Mail Relays
Email relies on mail servers 'relaying' mail: receiving it from one source and sending it on to another. A typical email might be written by a user on their PC. The email will then be sent from their PC to their ISP's outgoing SMTP server. This server will lookup which server is supposed to receive mail for the specified recipient (or recipients) and send the email on to it.
A drawback of this system is that it masks the real sender of the email. When the email ends up in the recipients mailbox the only information that can be trusted not to have been forged is the IP address of the last mail server it passed through. In the example above this means if you send an email via your ISPs outgoing SMTP server all the recipient can be sure of is that it came via your ISP's mailserver - not who it was that actually sent the email. Normally this isn't a problem .. if (for example) they need to complain about the email they can contact your ISP, and your ISP can check which of their customers sent the email to their mailserver and take appropriate action to prevent the problem recurring.
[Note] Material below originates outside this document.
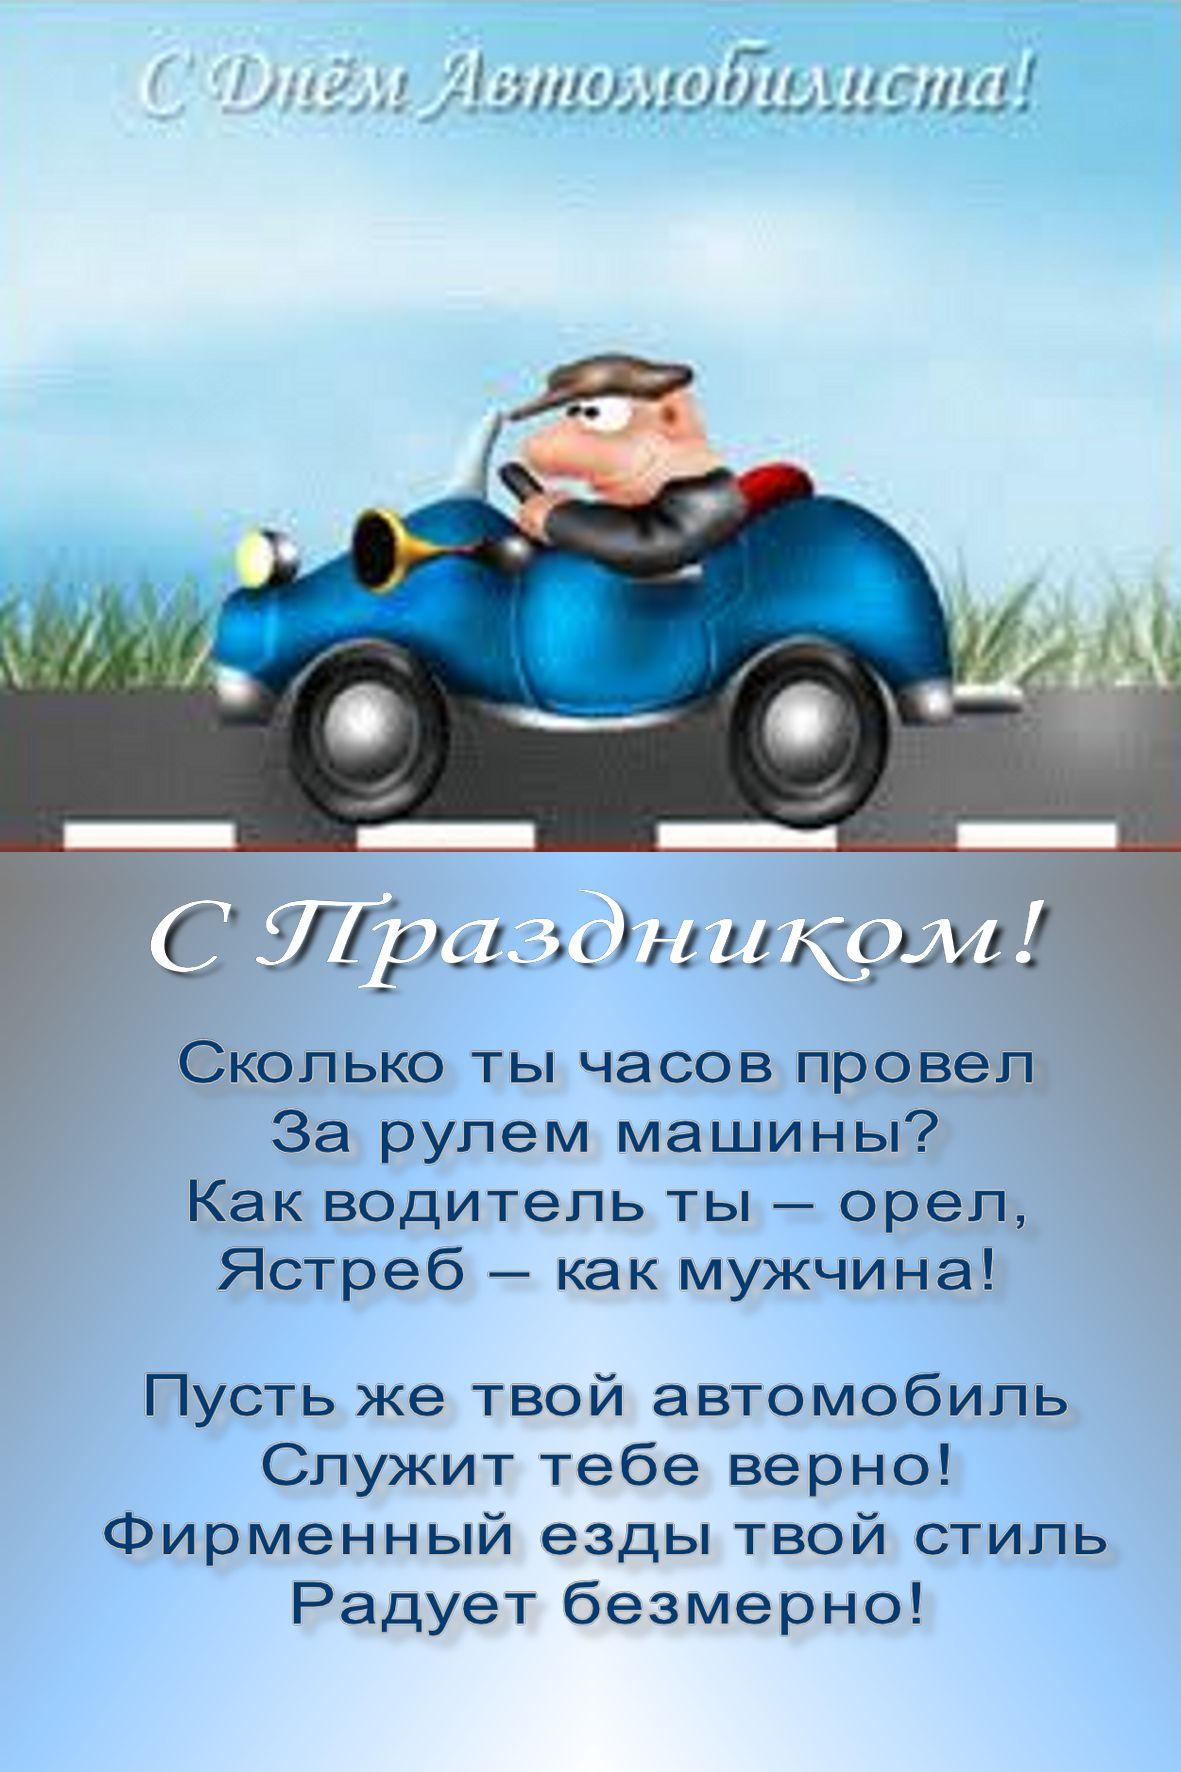 Открытка-поздравление в стихах автомобилисту

The problem comes if an ISP runs a mailserver that relays email for people who aren't their customers ... it becomes almost impossible to reliably track down who is actually responsible for sending the email, let alone find anyone with the authority to take action to prevent them causing further problems. The same is equally true if any company or individual runs a mailserver that will relay email for people they can't find or hold responsible for any problems they cause.
Open Relays
An open relay is a mailserver which will accept email from anyone on the internet (or can be easily tricked into doing so) and forward it on to where-ever they want. Spammers can send their spam via such open relays, and often do so for several reasons.
- By sending their spam via the open relay they help make themselves much harder to track down and hold accountable for their actions.
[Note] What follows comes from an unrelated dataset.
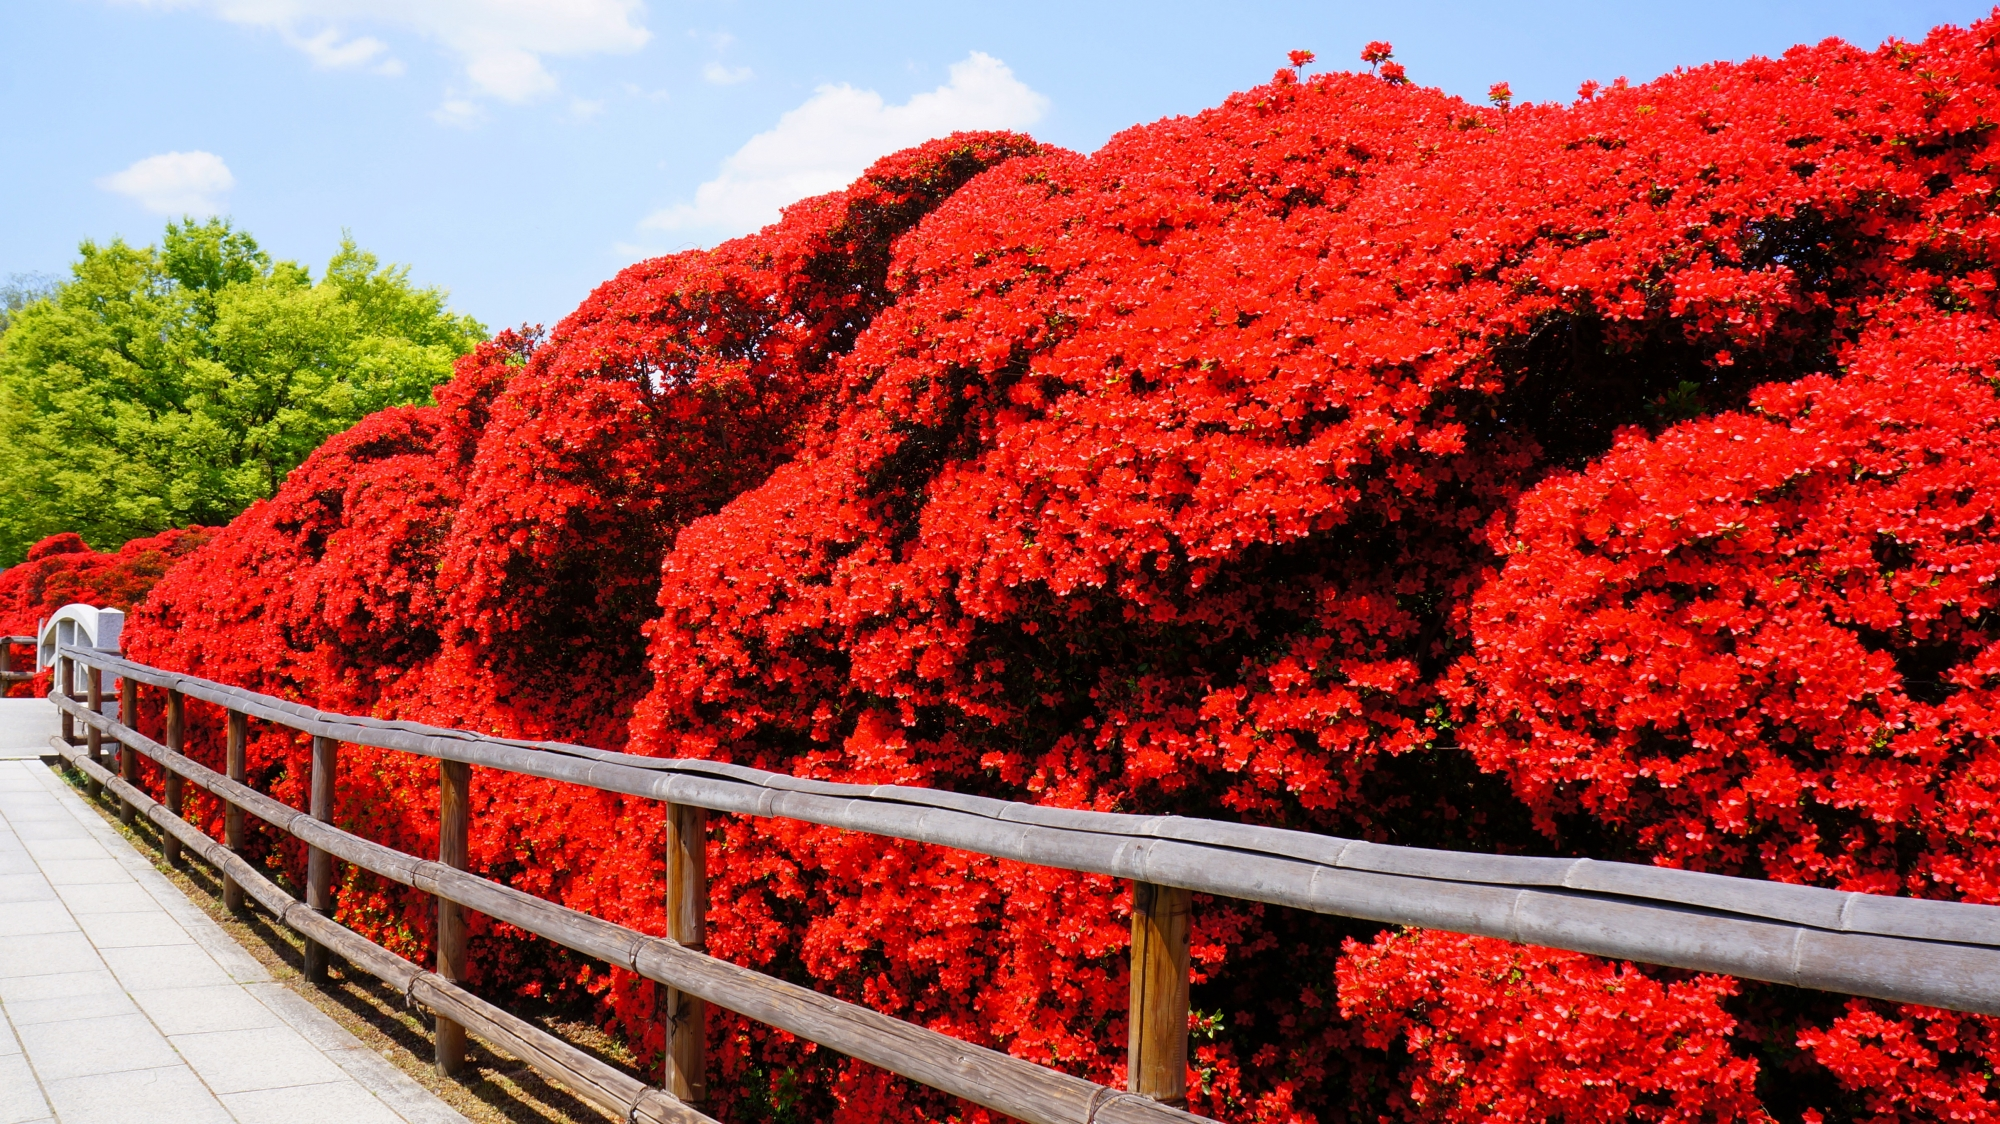 八条ヶ池に架かる赤い橋となるツツジの咲きそろった水上橋

- They can can send one email to the open relay, but specify dozens of recipients. This means they get to send lots of spam while using hardly any of their own bandwidth.
- It becomes much harder to block email from the spammer. If they were sending email out through their own mailserver it would be easy to block all their email by simply rejecting all email from their mailserver. If they use open relays then the only effective way you can block their email is to reject email from every single open relay that they could possibly use (and there are currently hundreds of thousands of open relays on the internet).
Unfortunately, despite the problems they cause, open relays still exist. Some open relays are run by ignorant adminstrators who don't realize the problems it might cause until it's too late, or by administrators who don't even realize that their mailservers are open relays either because they haven't checked thoroughly or made a genuine mistake. Sometimes the owner of the computer might not even realise they had installed a mailserver on it. Finally there are people who believe their business needs outweigh the problems they may cause the rest of the internet, or hope that no-one will notice that their mailserver is an open relay. This is particually naive since most server on the internet receive daily connections from spammers checking to see if they are open mail relays (or open proxies) that can be abused.
As a way to help combat the problems they cause there are various lists of known open relays published. These allows mailserver administrators to reject email from open relays, or tag it to help spam filtering software identify it as possible spam.
Open Proxies
There are many reasons why it may be undesirable for many internet users to connect from their work stations directly to servers on the internet. We're not just talking about connecting to mail servers here, but web servers, file servers, etc. Many companies install 'proxy' servers: users connect to this proxy and the proxy connects to servers on the internet on their behalf. This allows to the company to more easily monitor connections and filter out unwanted or damaging content, and can help with the installation of secure firewalls. A web cache is a specific type of proxy that is designed to deal with a specific type of connection. There are general purpose proxies (such as SOCKS) which can be used for any type of connection.
Most proxies are setup to only accept connections from computers on a LAN, or other restricted set of computers or users. There are, however, some proxies that accept connections from anyone on the internet. These 'open proxies' can be abused by spammers in much they same way as they abuse open mail relays, by sending their spam via a proxy server they can increase their anonymity. Many open proxies are actually better at hiding the identity of the spammer than open mail relays are.
As well as abusing general purpose proxies to send spam it is also often possible for spammers to trick other types of proxy (imparticular web proxies) into sending email via an SMTP server. On top of this some CGI scripts run on various websites can be tricked into sending spam (formmail.pl is the classic example of this). Since all of these systems protect spammers, by allowing them to send their spam anonymously, they are all frowned upon in the anti-spam community and - like open mail relays - there are lists available to make it possible to reject or tag email that has been sent via them.